In December 2018, FC Barcelona football player Rafael Alcântara do Nascimento, commonly known as Rafinha, was sued by German sportswear company adidas for breach of contract. The case was heard in a district court in Amsterdam last month, as the adidas counterparty that entered into the contract was established there.
Rafinha believed that his sponsorship agreement with adidas, which required him to wear adidas football boots during matches and training and adidas clothing during official media appearances, expired at the end of June last year. Consequently, he sought a clean break from this contract last summer – citing the fact that adidas had not offered him enough support when he suffered serious injuries in 2015 and 2017 respectively – and he has since been wearing Mizuno football boots.

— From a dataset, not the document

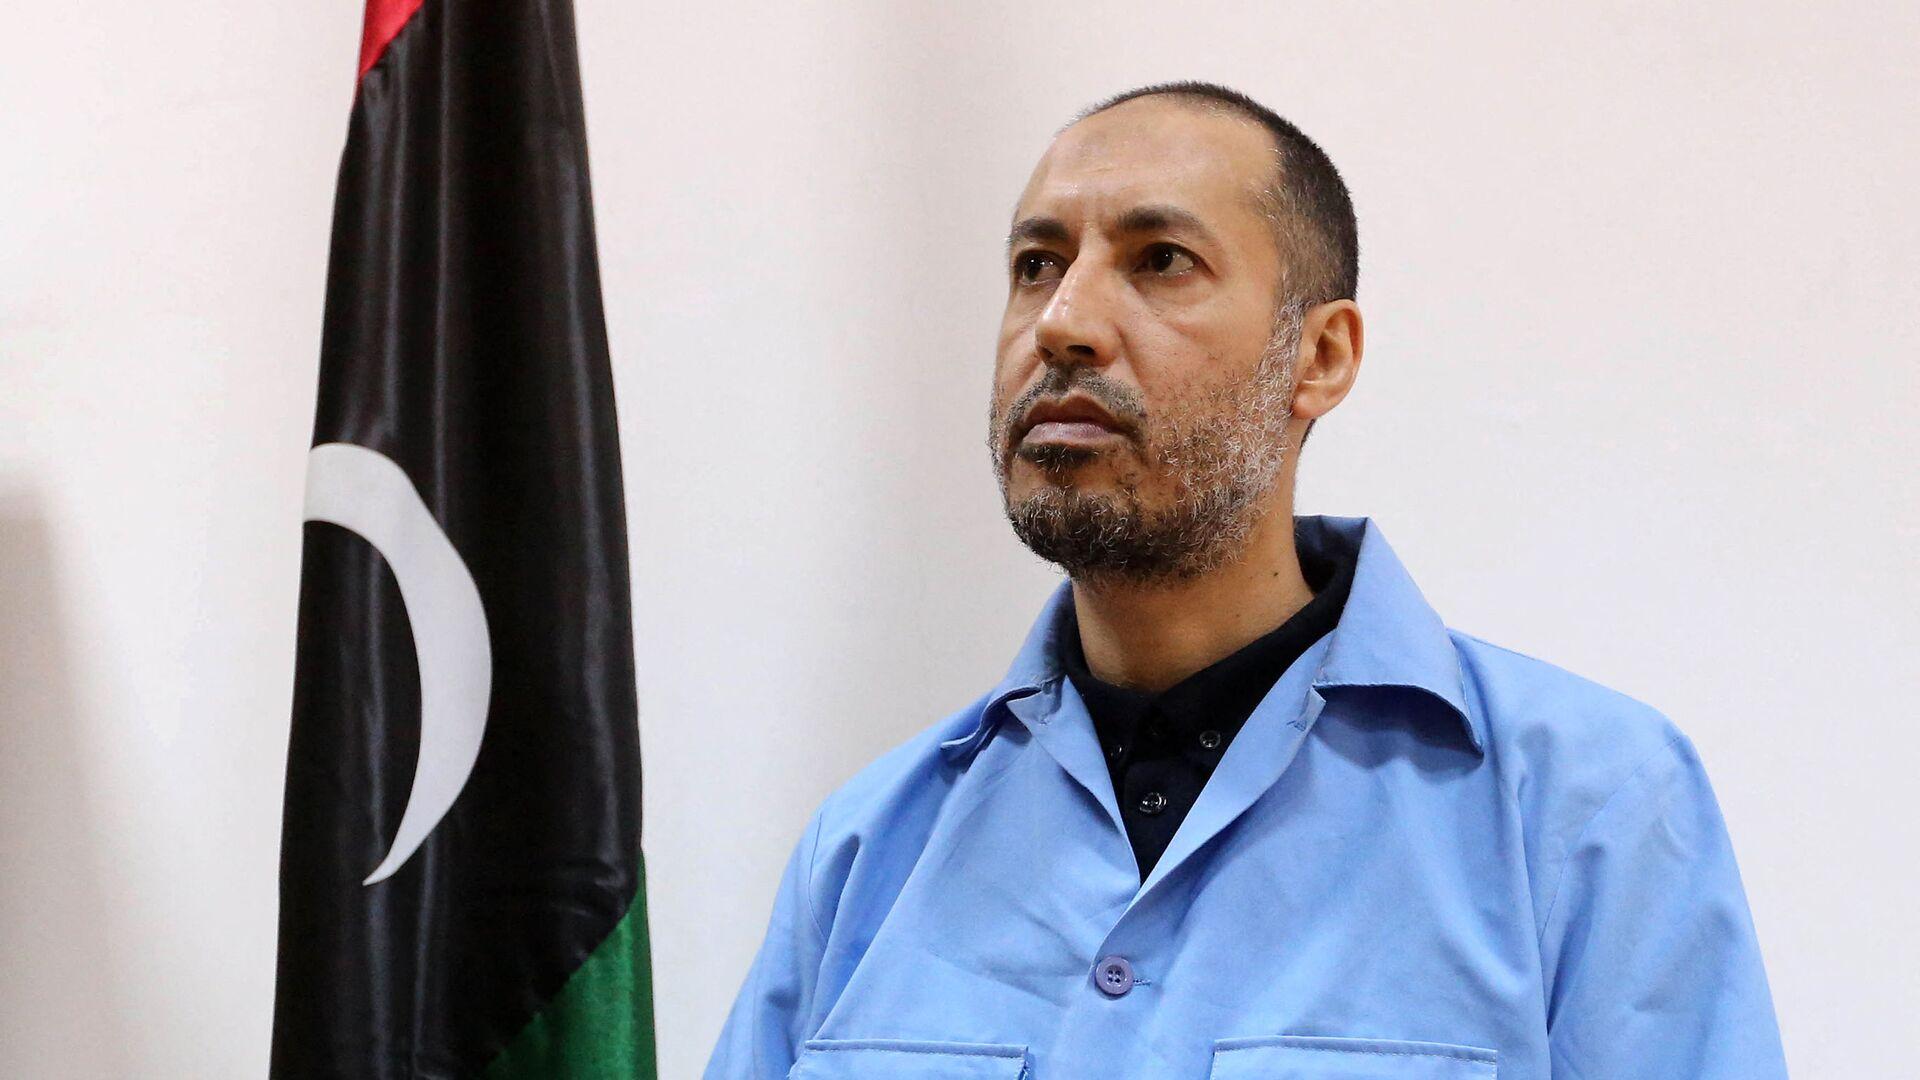 Saadi Gheddafi, il figlio dell'ex leader libico Muammar Gheddafi - Sputnik Italia, 1920, 06.09.2021
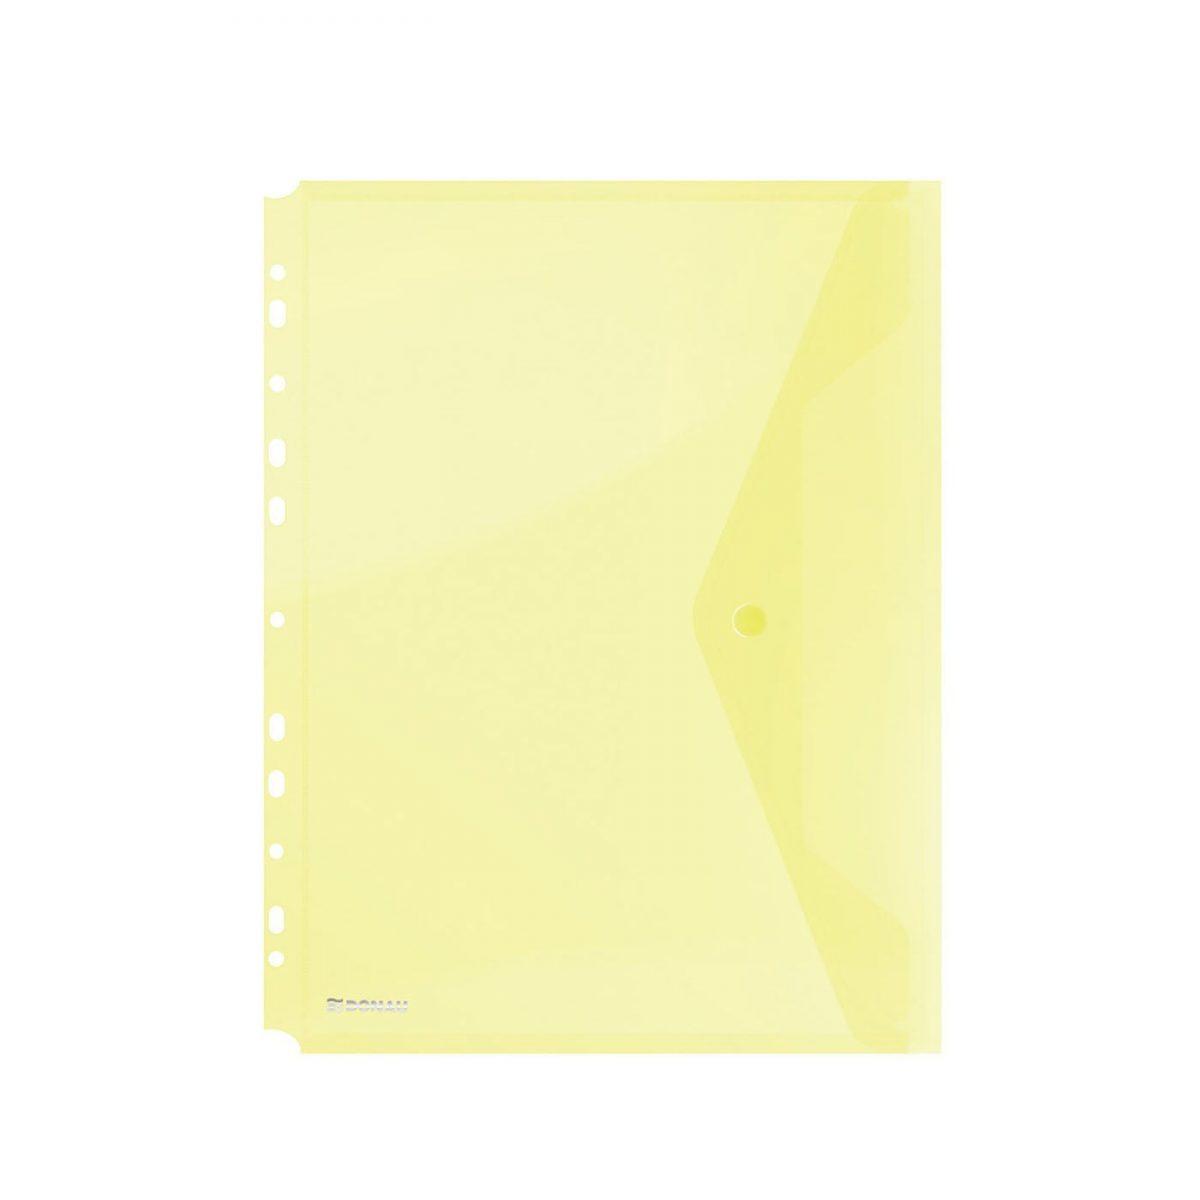 Folie protectie doc. A4 portret, inchidere cu capsa, 4/set, 200 microni, DONAU - galben transparent

Despite this, adidas contended that the sponsorship agreement allowed the sponsor to unilaterally extend the contract for up to five years if Rafinha failed to respond to requests for such an extension.
Rafinha’s legal team argued during the hearing that adidas had hidden the extension clause in the contract and should have made it more clear to the player that it could add another five years to the existing deal without his consent. Adidas, on the other hand, maintained that Rafinha should pay €100,000 for each day that he had breached the contract since 1 July 2018, which is reportedly in line with the original contract entered into in 2013.
Rafinha rebutted this argument on three grounds. Firstly, Rafinha argued that the clause was voidable as it was a “standard term”, which, under Dutch law, may be voided to protect consumers against unfair contract terms. The court did not discuss whether Rafinha constituted a “consumer” in this instance and, instead, dismissed Rafinha’s first rebuttal and determined that the clause was not a “standard term”. The primary reasons for this being that the parties negotiated the litigious clause and that the contact labels it as a “key term”.
Secondly, Rafinha argued that the clause was in violation of the standards of reasonableness and fairness. The court, however, did not consider it sufficiently plausible that the relationship between Rafinha and adidas was imbalanced, nor that the litigious clause was unreasonably onerous towards Rafinha, specifically citing the fact that Rafinha received substantial compensation under the contract.
Thirdly, Rafinha argued that the extension clause was drafted in such a way that adidas may have unilaterally extended the term of the contract indefinitely. Under Dutch law, a contract with an indefinite term can, in principle, be terminated early. However, the court also dismissed this argument, stating that it was not sufficiently clear that the parties’ intention was for the contract to have an indefinite term and that this is unlikely to have been the case given the limited length of professional football players’ careers.
Consequently, on 18 December 2018, the district court in Amsterdam ordered Rafinha to pay to adidas the costs of the proceedings plus a payment of €10,000 for each day that he continued to refuse to honour the contract, up to a maximum of €1 million. The decision is a fresh blow for the FC Barcelona midfielder, who was ruled out for the rest of the season after tearing his anterior cruciate ligament during a 1-1 draw with Atlético Madrid on 24 November 2018.
Rafinha is not the first FC Barcelona star to be involved in a dispute with adidas – in the 1970s, club icon Johan Cruyff demanded that he should not be made to play in an adidas kit for the Netherlands as it could have meant losing his personal sponsorship agreement with Puma. In this instance, the player succeeded and Cruyff was the only Dutch player at the 1974 World Cup to wear an orange jersey with two black stripes on his sleeves, instead of adidas’ trade mark three stripes, where the Netherlands finished as runners-up to West Germany.
We have previously considered some of the risks that may arise with individual endorsement agreements, as well as discussing associated mitigation strategies and best practice tips, in an article in July 2018. Similarly, in October 2018, we published an article discussing Danish football’s commercial rights dispute, which is a further example of the potential challenges that individual sponsorship agreements can pose.